U.S. regulators have granted approval for the drug Ranexa in the treatment of chronic angina.

Angina causes chest pain because of an insufficient supply of oxygen to the heart.

The Food and Drug Administration (FDA) has approved Ranexa for patients for whom other anti-anginal drugs have not been effective, and has recommended it be used in combination with other treatments, such as beta blockers or nitrates.

According to the drug company CV Therapeutics, they were concerned that the FDA might approve the drug for an even more restricted group of patients.

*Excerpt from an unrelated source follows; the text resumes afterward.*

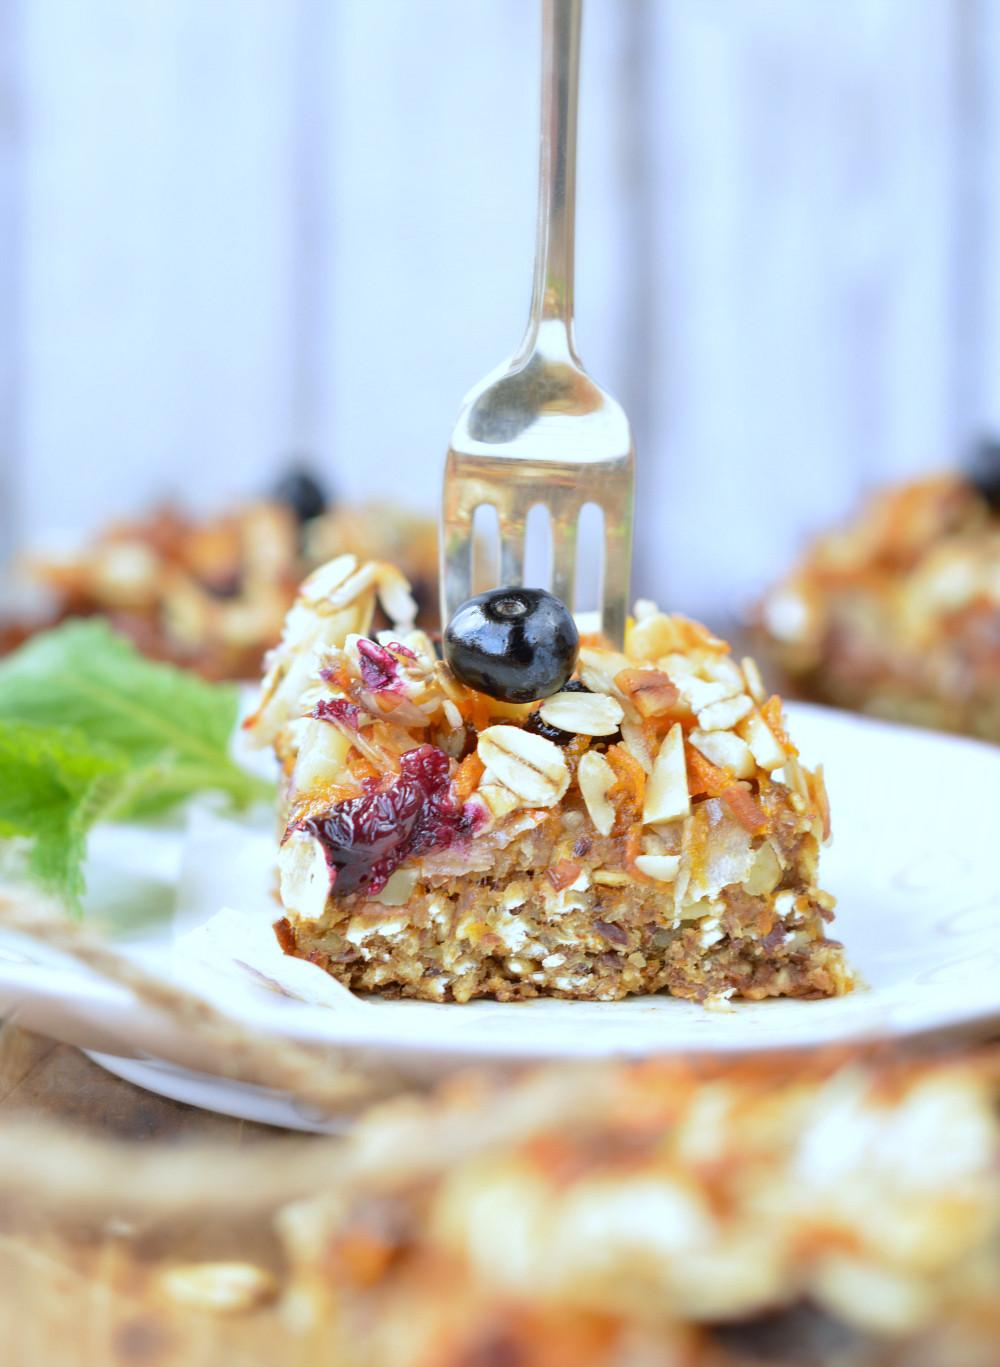 Healthy On The Go Breakfast Bars  Carrot Cake Baked Oatmeal Bars Healthy breakfast
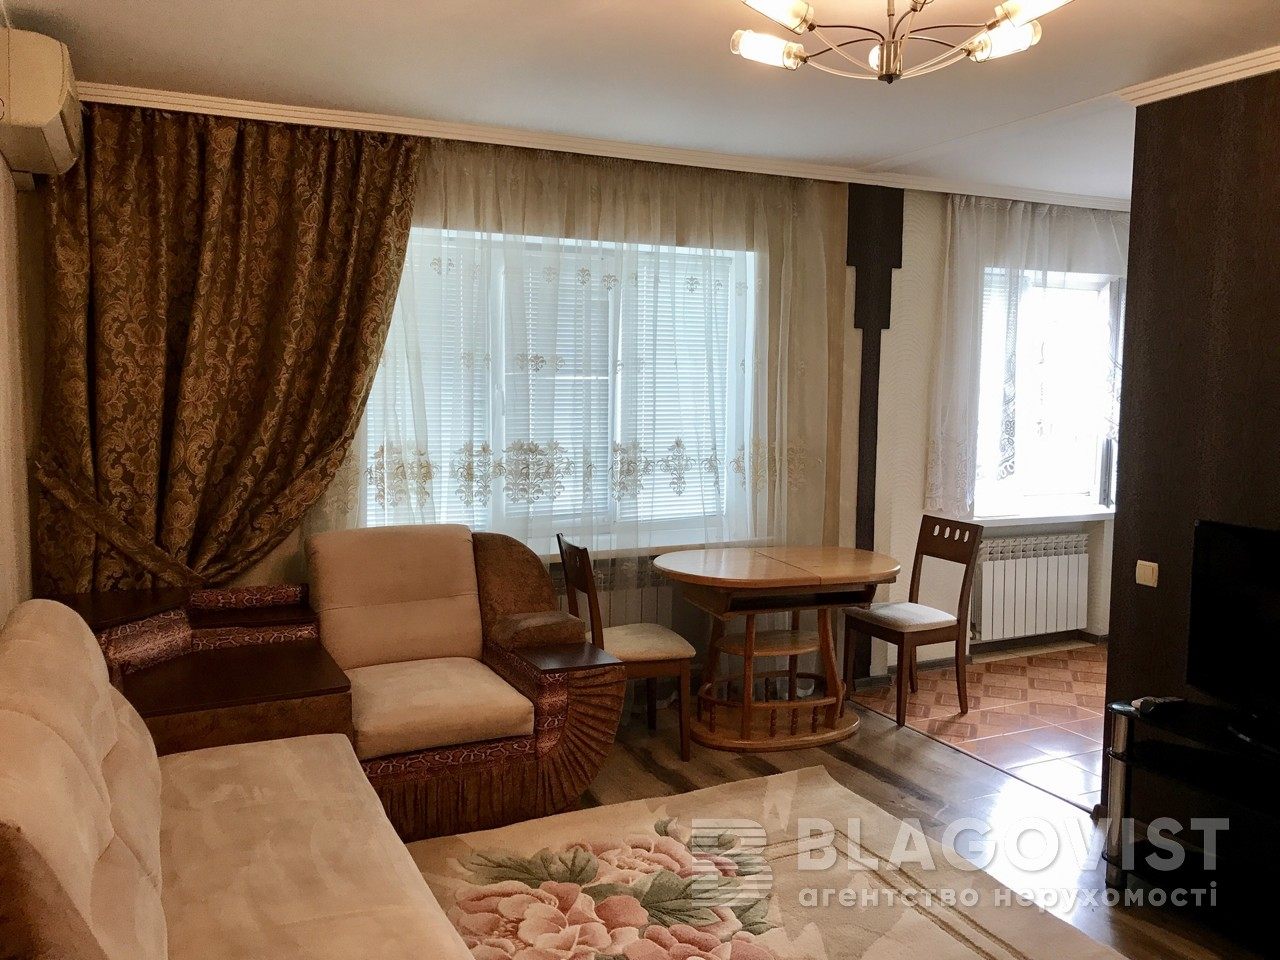 Квартира X-5195, Леси Украинки бульв., 19, Киев - Фото 1

It is estimated that of the 6.4 million Americans with chronic angina, 25% have become resistant to existing drugs, so the company stands to do well with Ranexa.

The drug should be available in pharmacies in late March, and will be the first drug developed in-house by the California-based biotechnology company to reach the market, and will give patients access to a new angina therapy for the first time in years.

Approval for Ranexa has suffered from long delays because of safety issues and the company is apparently conducting a 6,500-patient study of the drug as a treatment for acute coronary syndrome.

Positive results from that study, due late this year or early 2007, may be used to apply for FDA approval for Ranexa as a first-line therapy for angina.

Acute coronary syndrome occurs when a plaque inside a coronary artery suddenly ruptures and blocks blood flow to the heart muscle.